EXERCISE DETAILS: Could you print the listing again exactly, omitting the pictures?

DATA:
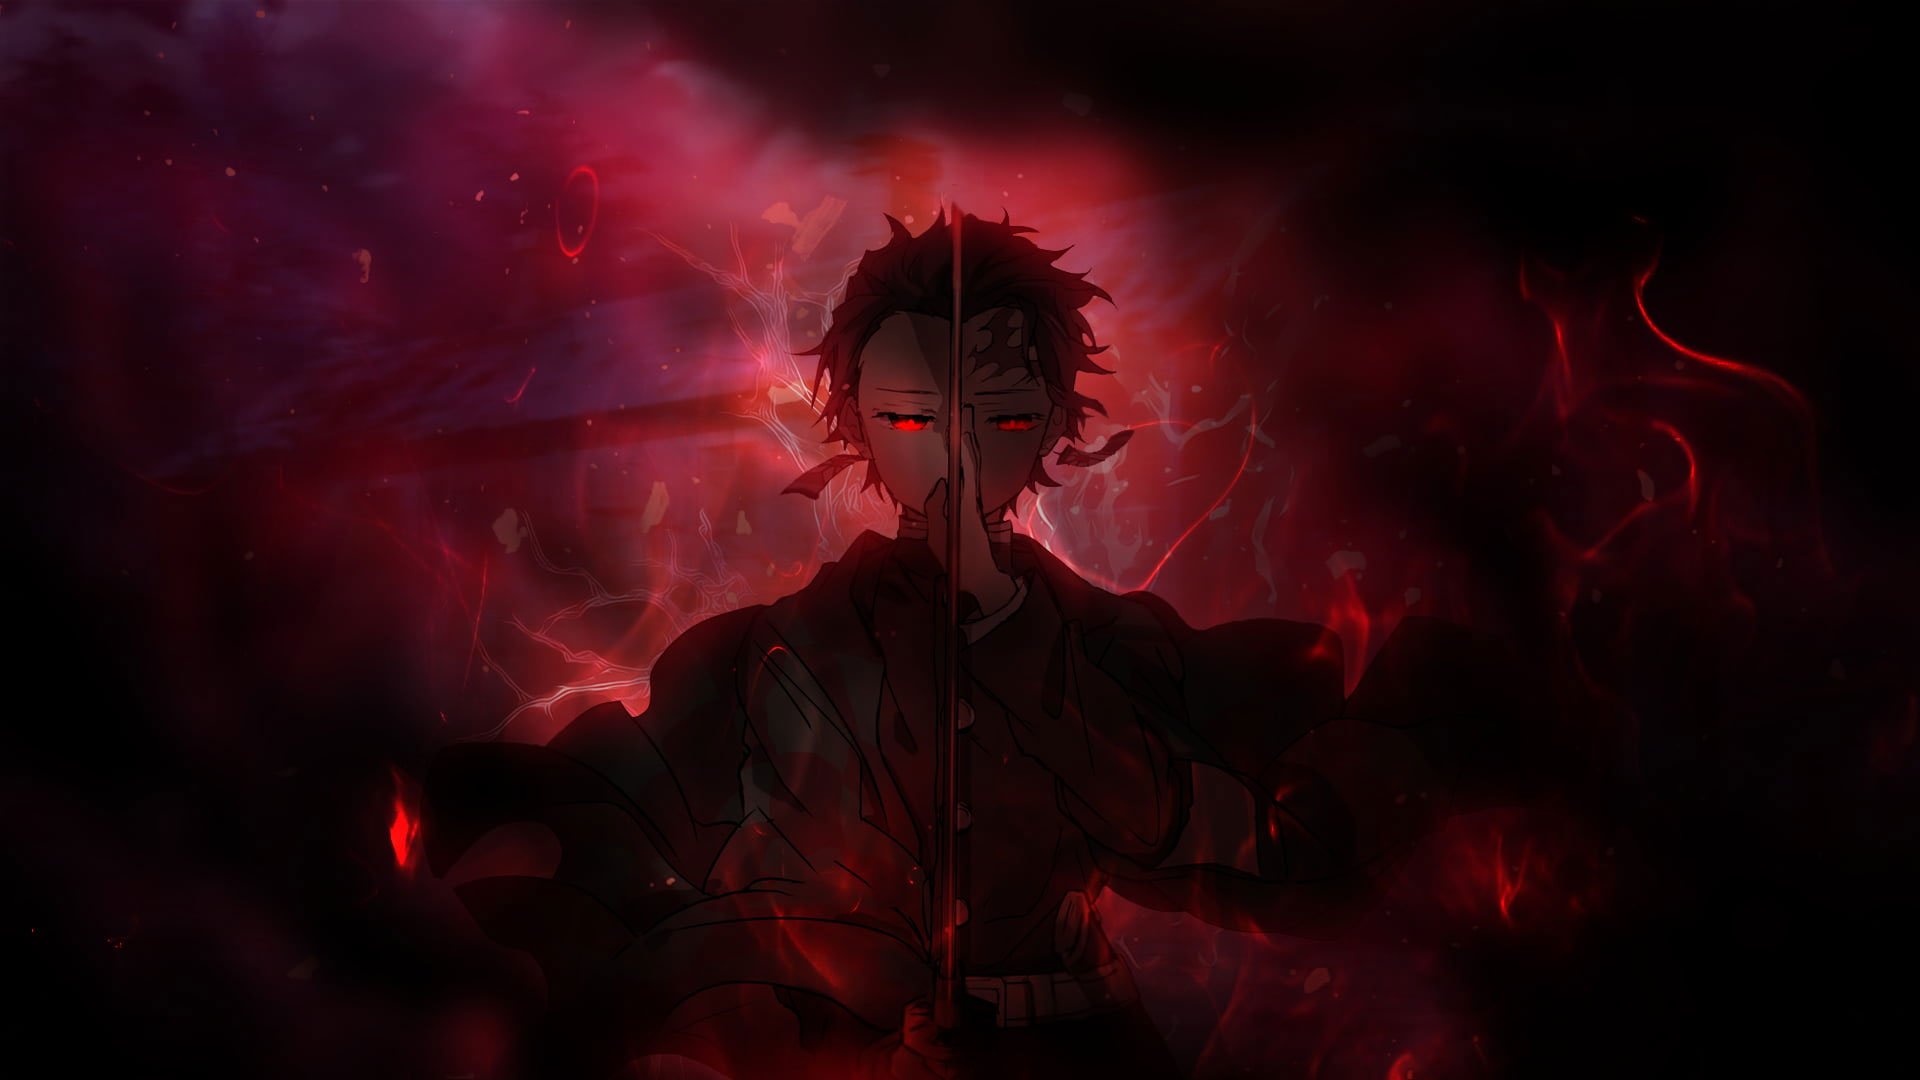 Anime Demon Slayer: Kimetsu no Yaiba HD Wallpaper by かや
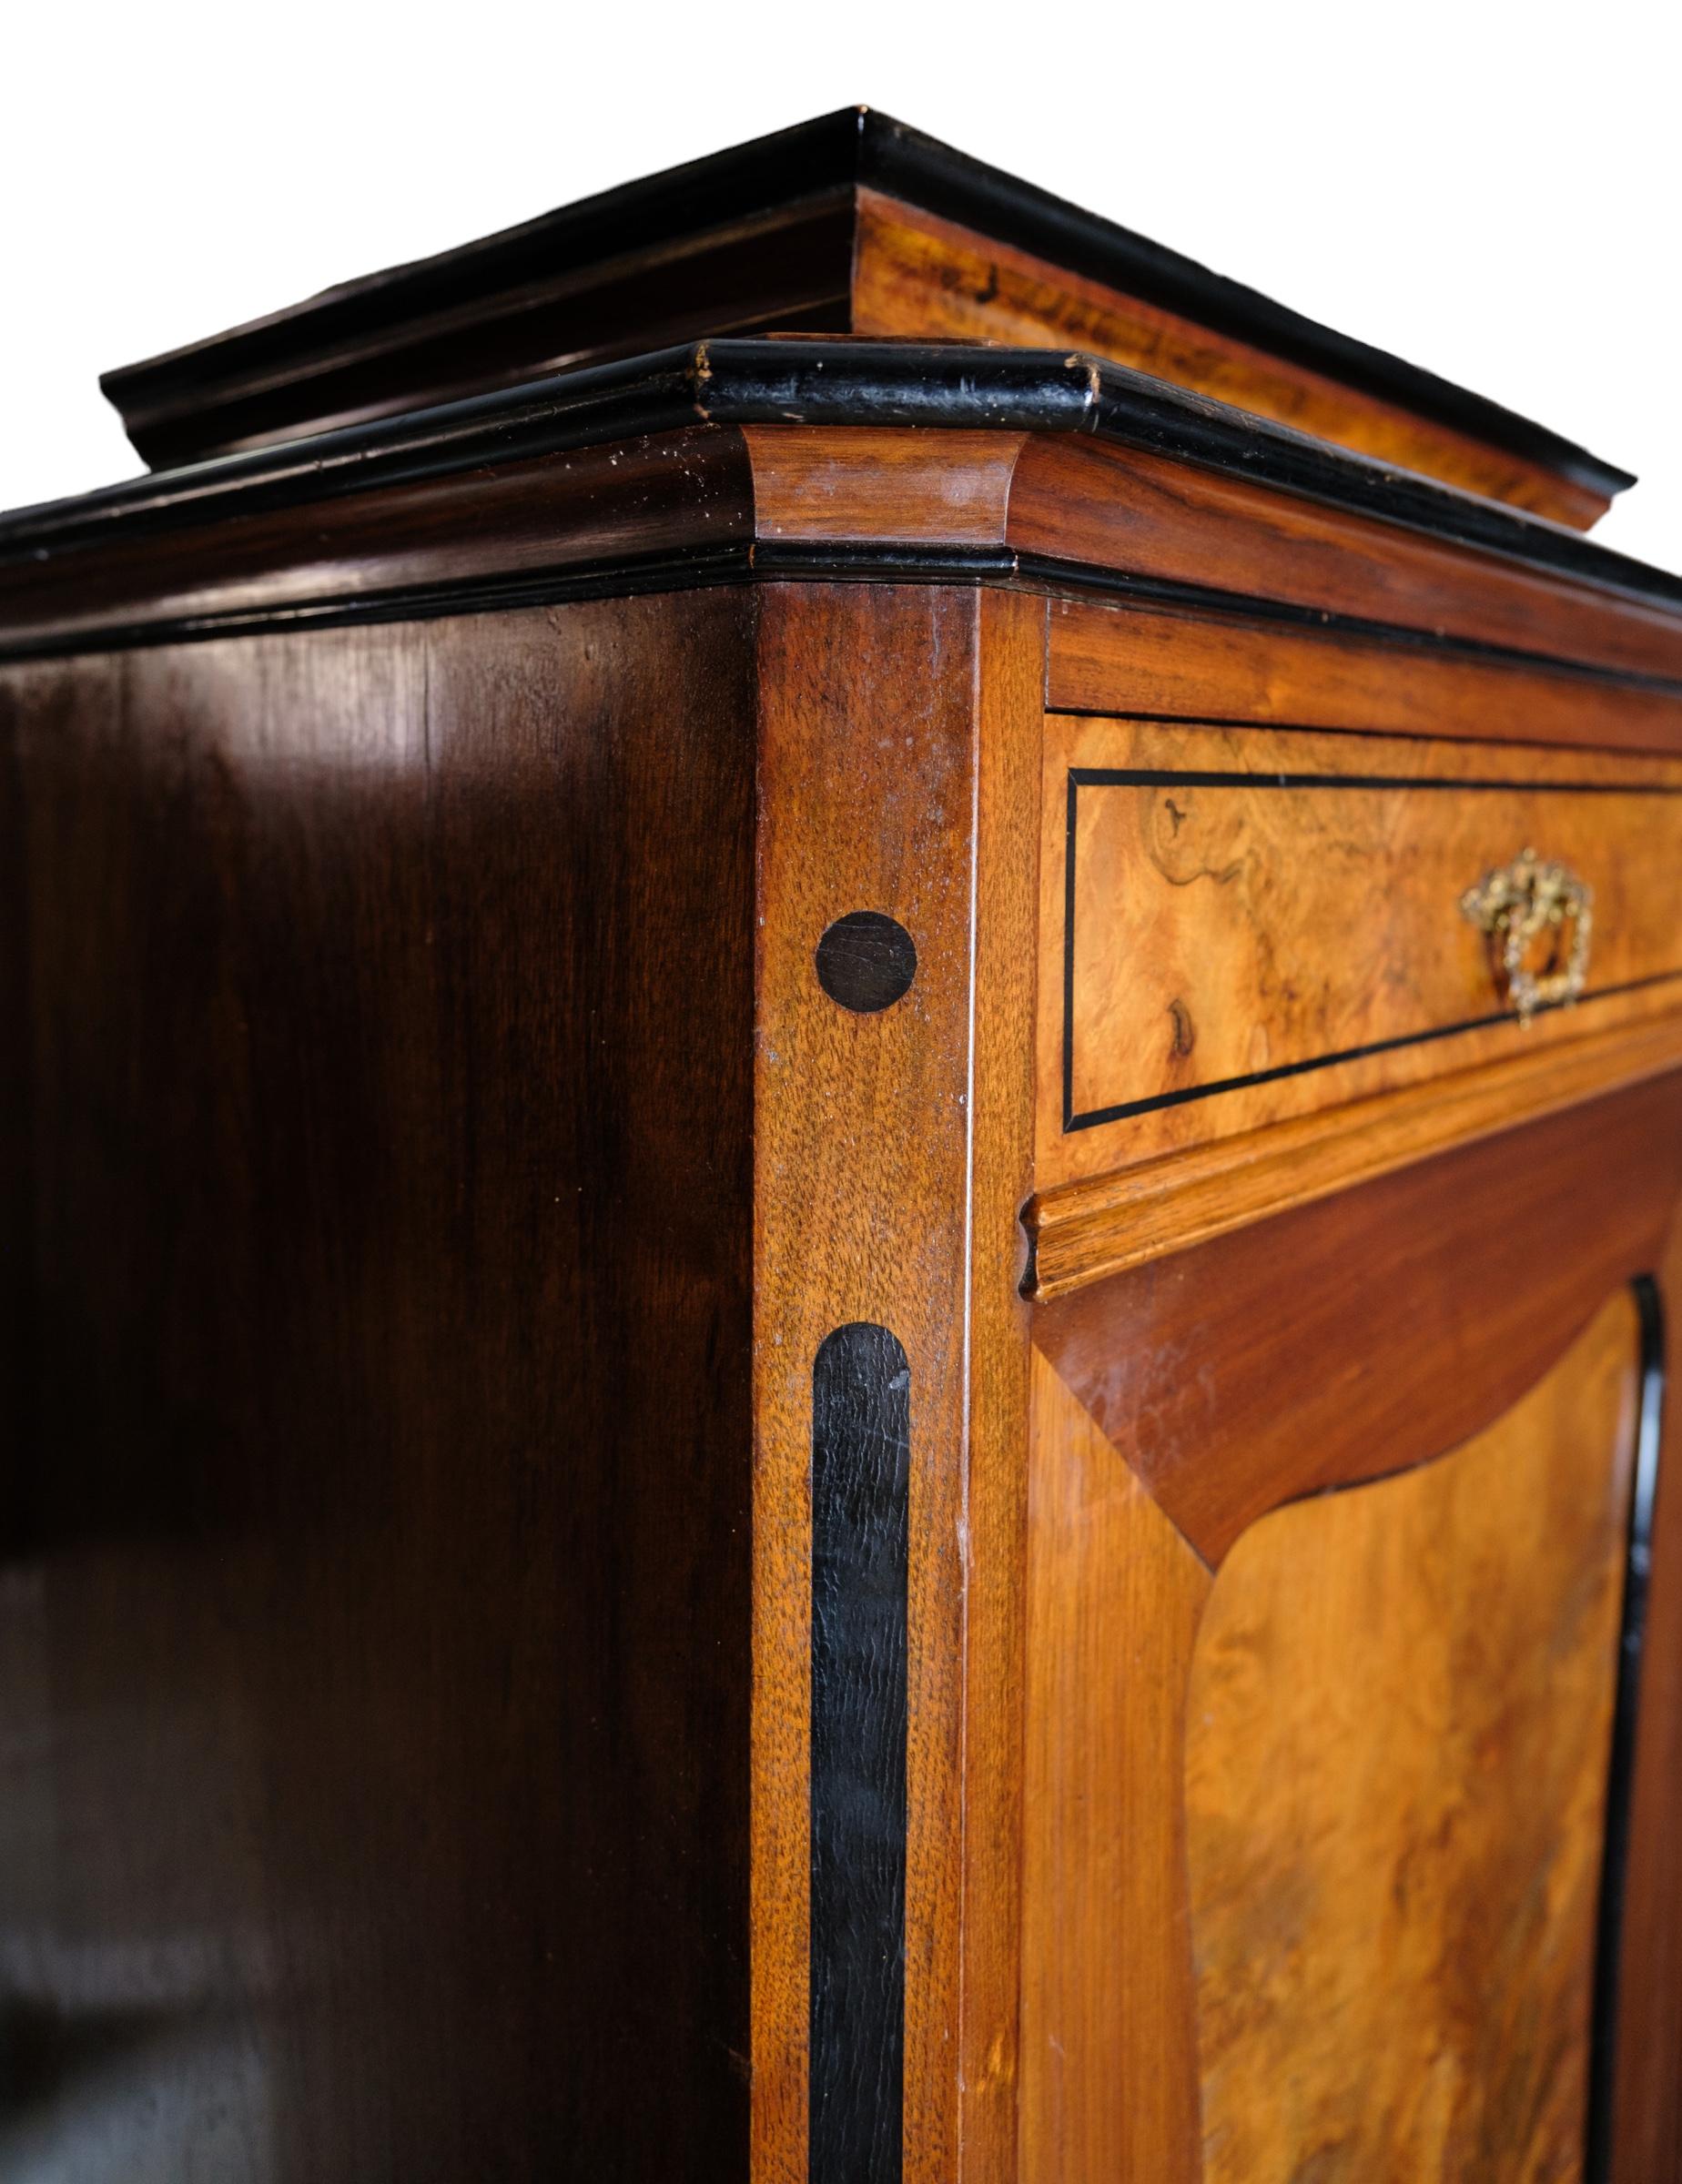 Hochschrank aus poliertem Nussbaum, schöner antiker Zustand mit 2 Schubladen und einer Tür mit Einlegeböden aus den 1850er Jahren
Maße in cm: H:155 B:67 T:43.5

SOLVED PROBLEM:
 Anime Demon Slayer: Kimetsu no Yaiba HD Wallpaper by かや
 Hochschrank aus poliertem Nussbaum, schöner antiker Zustand mit 2 Schubladen und einer Tür mit Einlegeböden aus den 1850er Jahren
Maße in cm: H:155 B:67 T:43.5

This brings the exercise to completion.